Once the model is trained, the model use section is also enabled:

This section provides information on the training choices made (when an by whom, which can be helpful if you save the PCA artefact as a template and provide this to a colleague. Below the model summary is the section which defines the data to which you wish to Apply the model, and how you wish to handle missing values when projecting your data onto the PC's (that is calculating the component scores for each sample). By default we anticipate you would wish to apply the model to the training set sample set, but you can apply a model trained on a specific subset to a different subset should you choose.
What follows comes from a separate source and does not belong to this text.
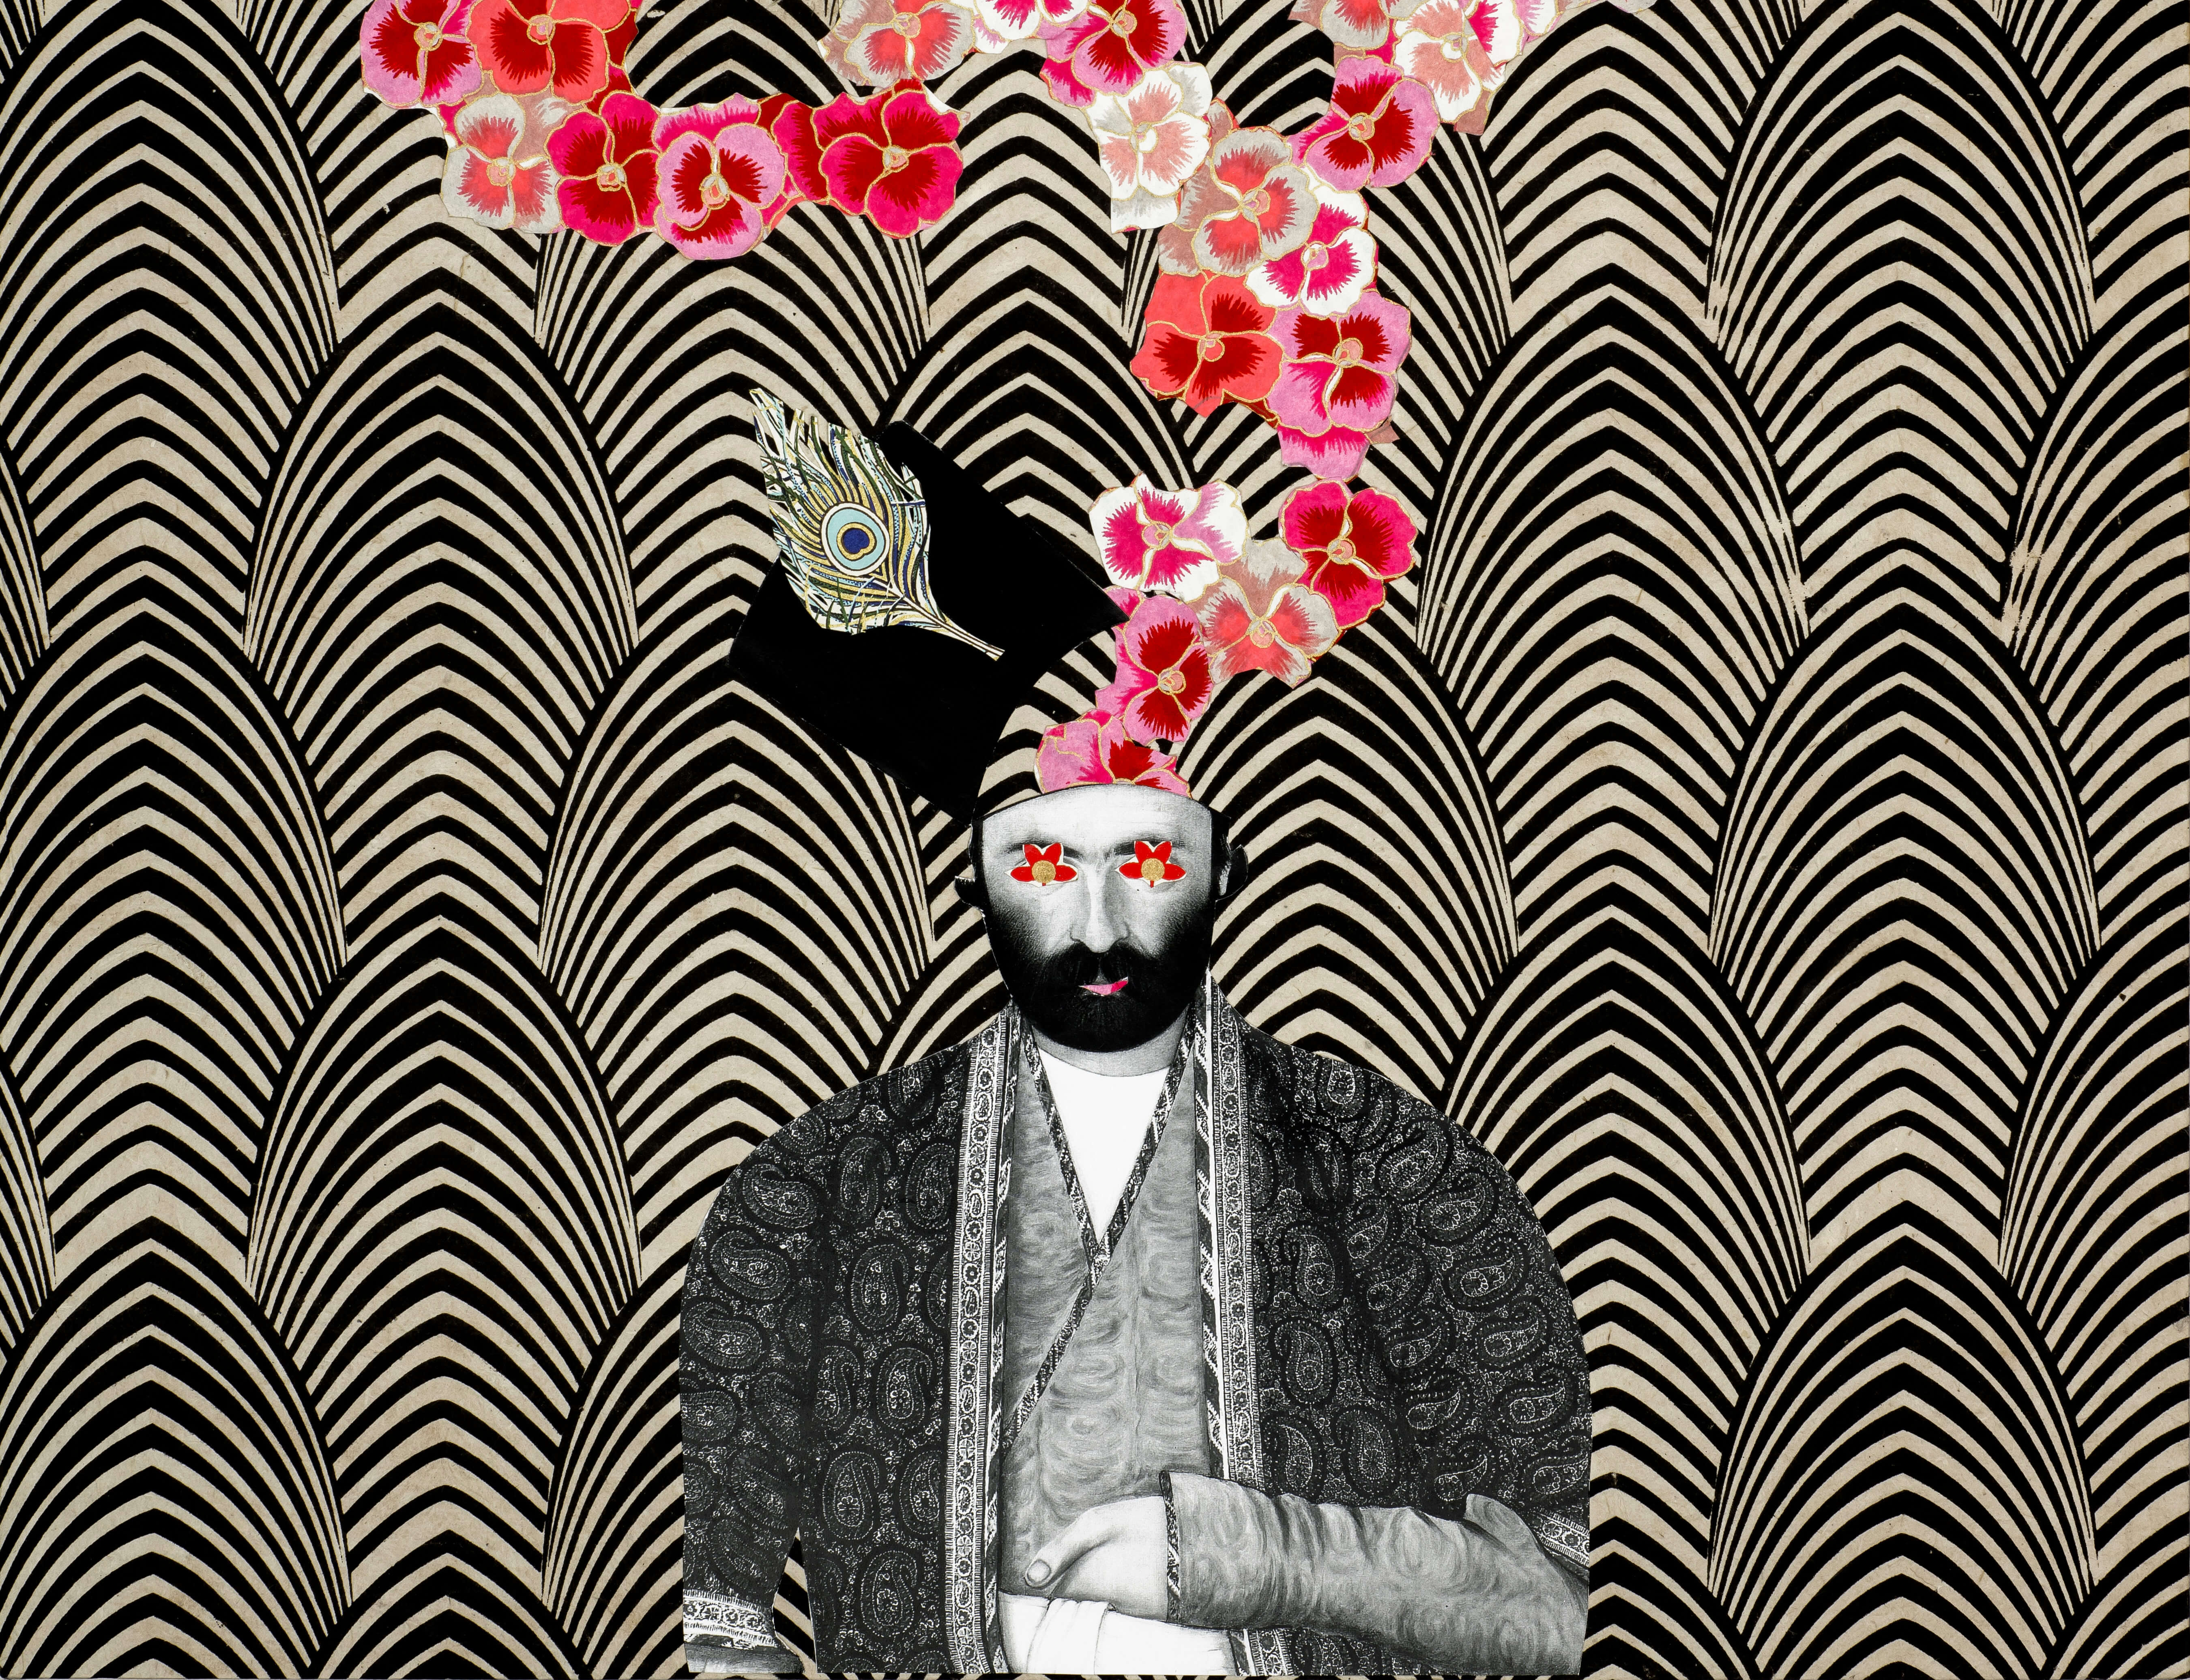 Thinking Good Thoughts I [collage] by artist Sheila Karbassian
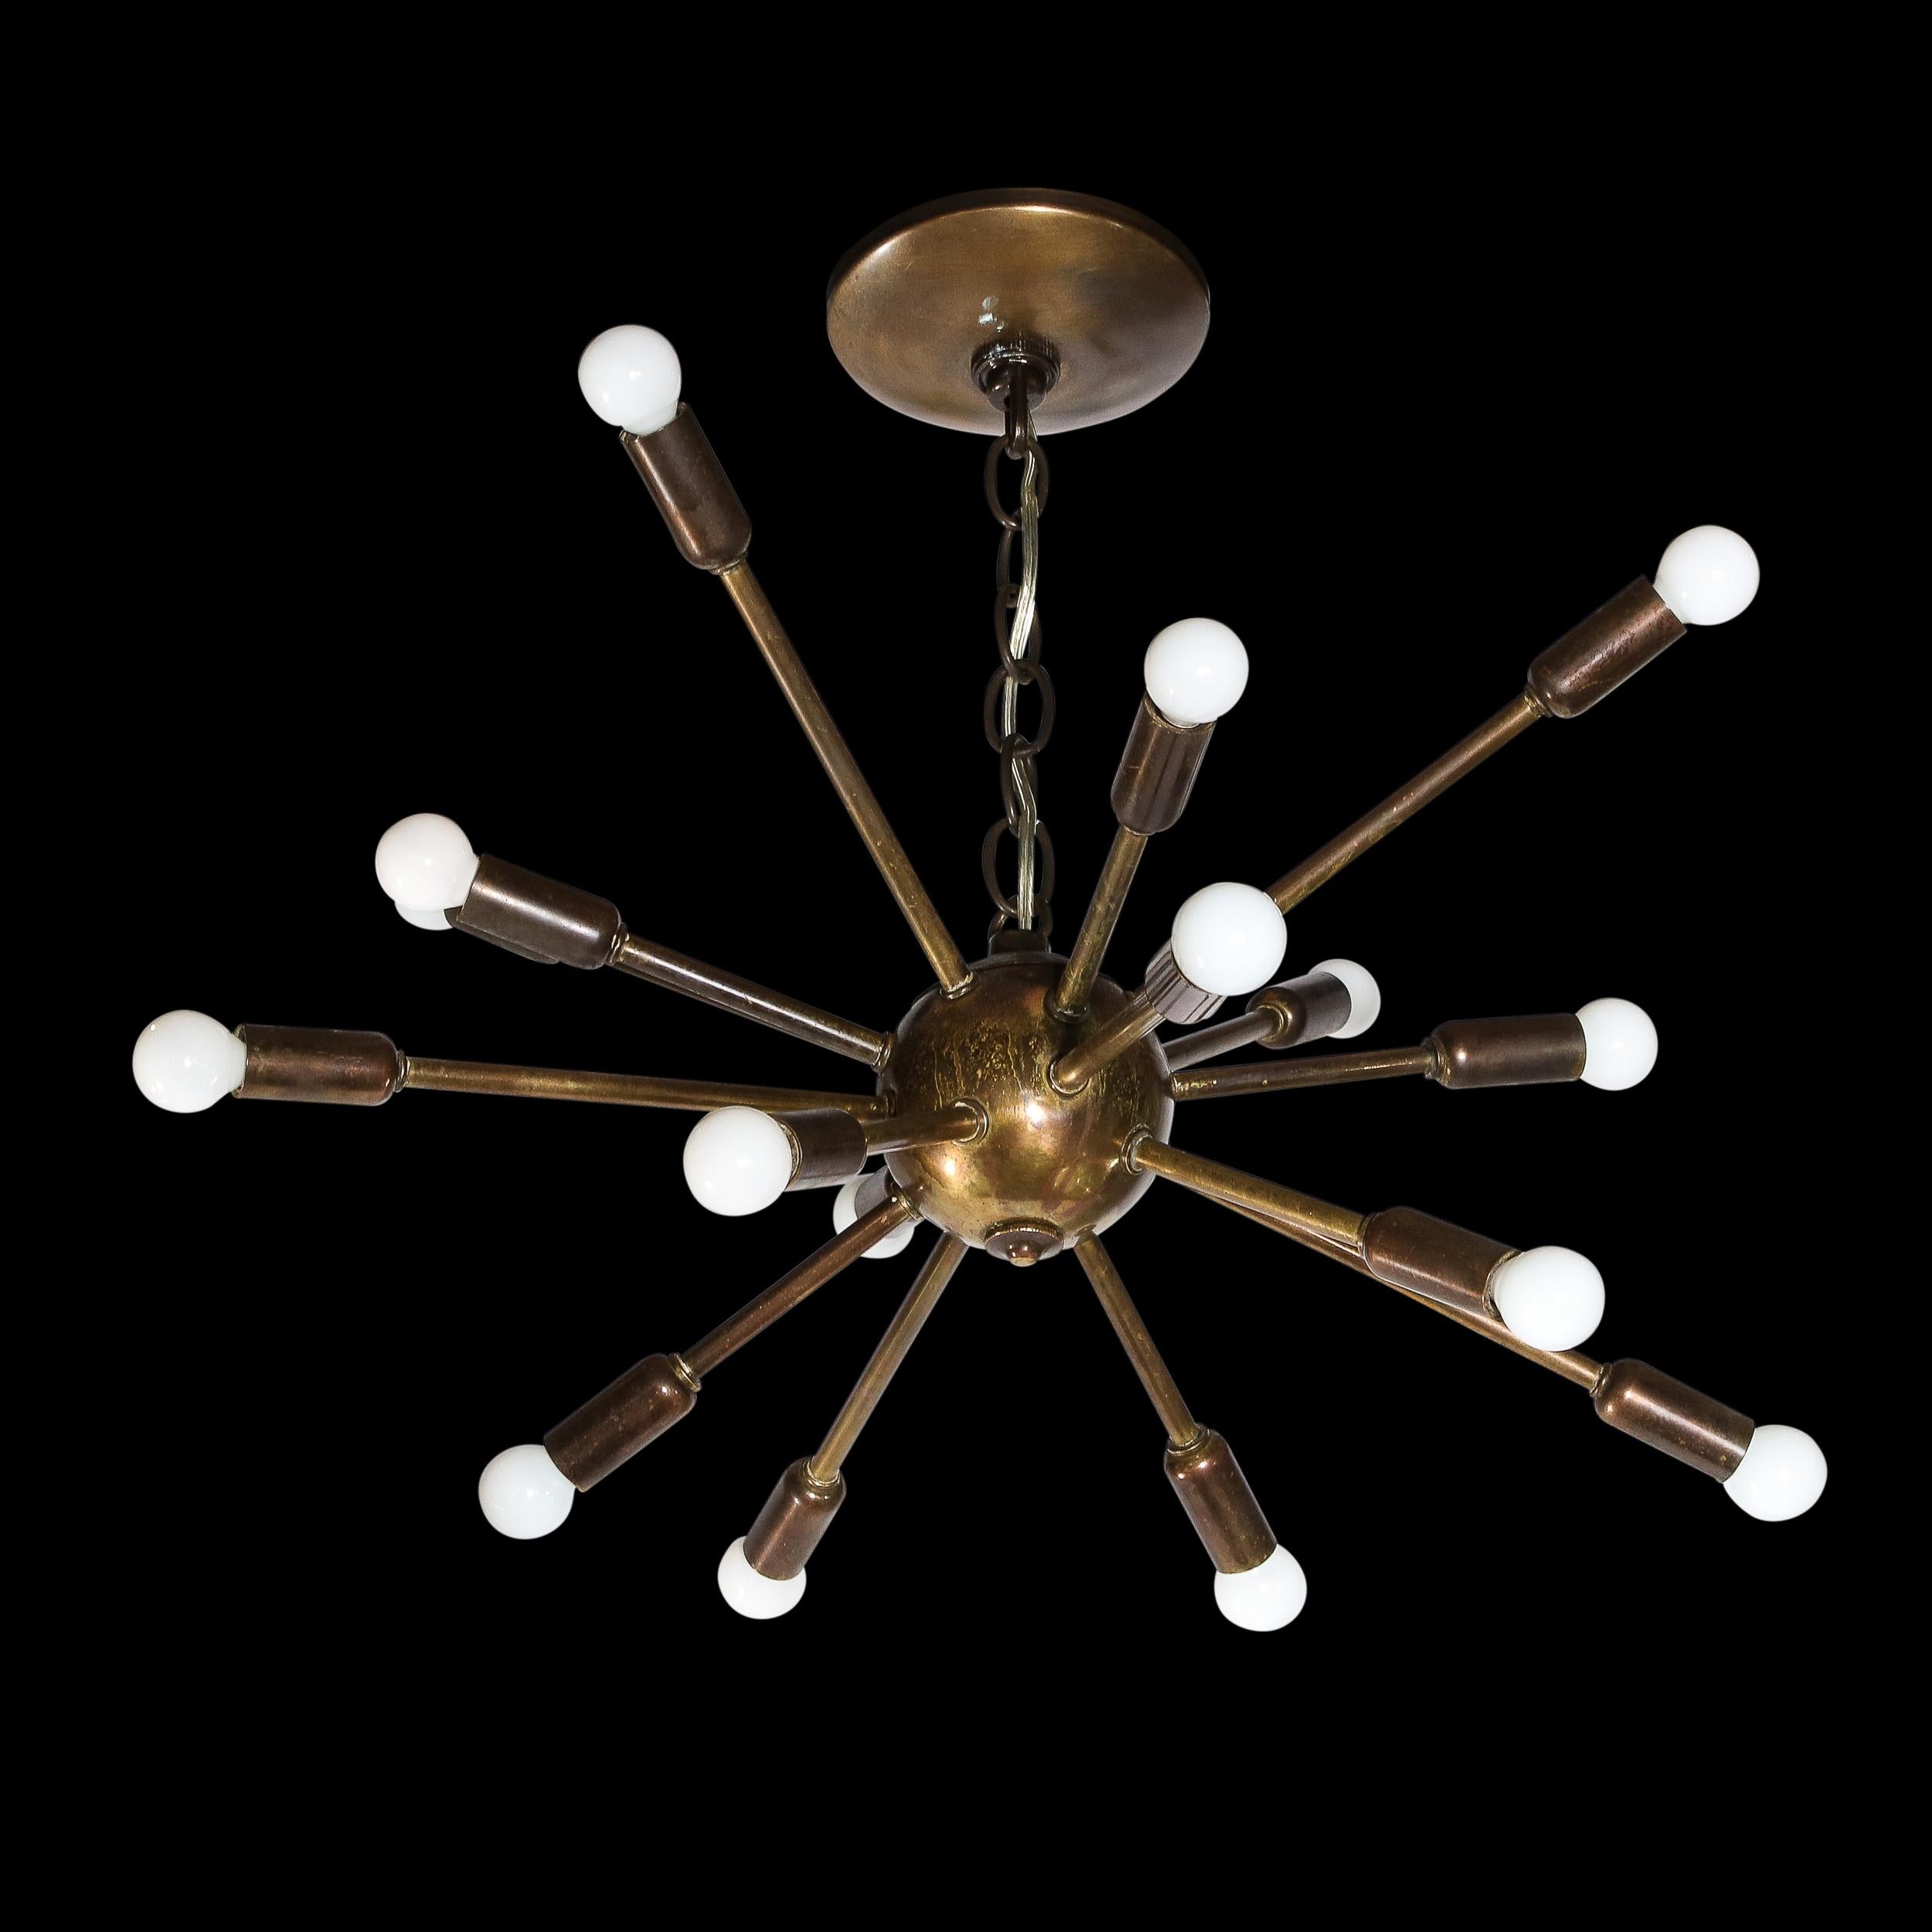 This refined and graphic Sputnik chandelier was crafted in Italy, circa 1960. It features sixteen arms emanating outwards from a spherical body capped on the end with candelabra bulbs. With its sculptural Silhouette, clean modernist lines, and

When applying the model it is possible to select a different treatment of missing values. In general we advise using the same choices for training and 'prediction', however there are situations where it makes sense to e.g. remove samples with missing values when training to minimise the influence of the strategy used to replace missing values, but accept that once the model was trained using all samples with complete information, it could be applied to all samples selecting to replace missing values (once the model is fixed, treatment of missing values will have less influence on the overall modelling outcome).

You must also select the number of principal components to create and populate ('predict'). The default is two, but the number should be guided by the scree plot and your understanding of the data. Since the PCA model will be a full artefact you can later change your mind and predict more, or fewer PCs. This will automatically create and calculate the component scores (PCs) which will be named Model_PCn.PCA on the Apply button is pressed (there will be a slight delay here as the project properties are created and the values calculated).

Using PCA results

Once the PCA model is applied, the projection onto the select PCs will be calculated. These are project properties which are dimensionless (Euc unit by default), and can easily be found in property selectors typing either the model name or simply e.g. 'PC1' into the property box of the Property selector. These properties can be used across the system in pages, graphs, palettes, maps, sample sets, statistics and as inputs to other models, for example cluster models. The PCs (scores) are calculated on demand only - this is true for all models - and will delete all other values in the target properties to ensure the results come from only one model.

At present (version 2.0) the scores are style as given (not calculated) values, as the values are not dynamically updated if input data changes (this is a change of behaviour from version 1.28). In future releases we might add a predicted value type.

Using the PCA artefact

PCA is a fully fledged artefact. This means you can have the PCA artefact open alongside graphs, maps etc. This means you can explore the effect of, for example different training options on the PCs, and any other artefacts using these will update for you. Don't forget to Train the model and then (if happy with the validation / diagnostics) Apply it.

If you have closed the PCA artefact you will need to Build training set before you can re-train the model. This will also be true if you want to re-train a model sent to you as an artefact. However you will be able to apply a trained model provided to you as an artefact to project your data onto the principal components determined by the model creator.

You can have multiple PCA artefacts in your project (you can Clone the models) so it is possible to compare different models trained on different subsets of data, or with different data pre-processing choices.

If you rename your PCA model, the project properties associated with it will also be renamed (although if applied to e.g. a graph, the axes labels will not automatically update).

When a PCA model is deleted the project properties to store the PCs (component scores) created by it are not automatically deleted - this would be done using Data -> Delete project property... menu if necessary.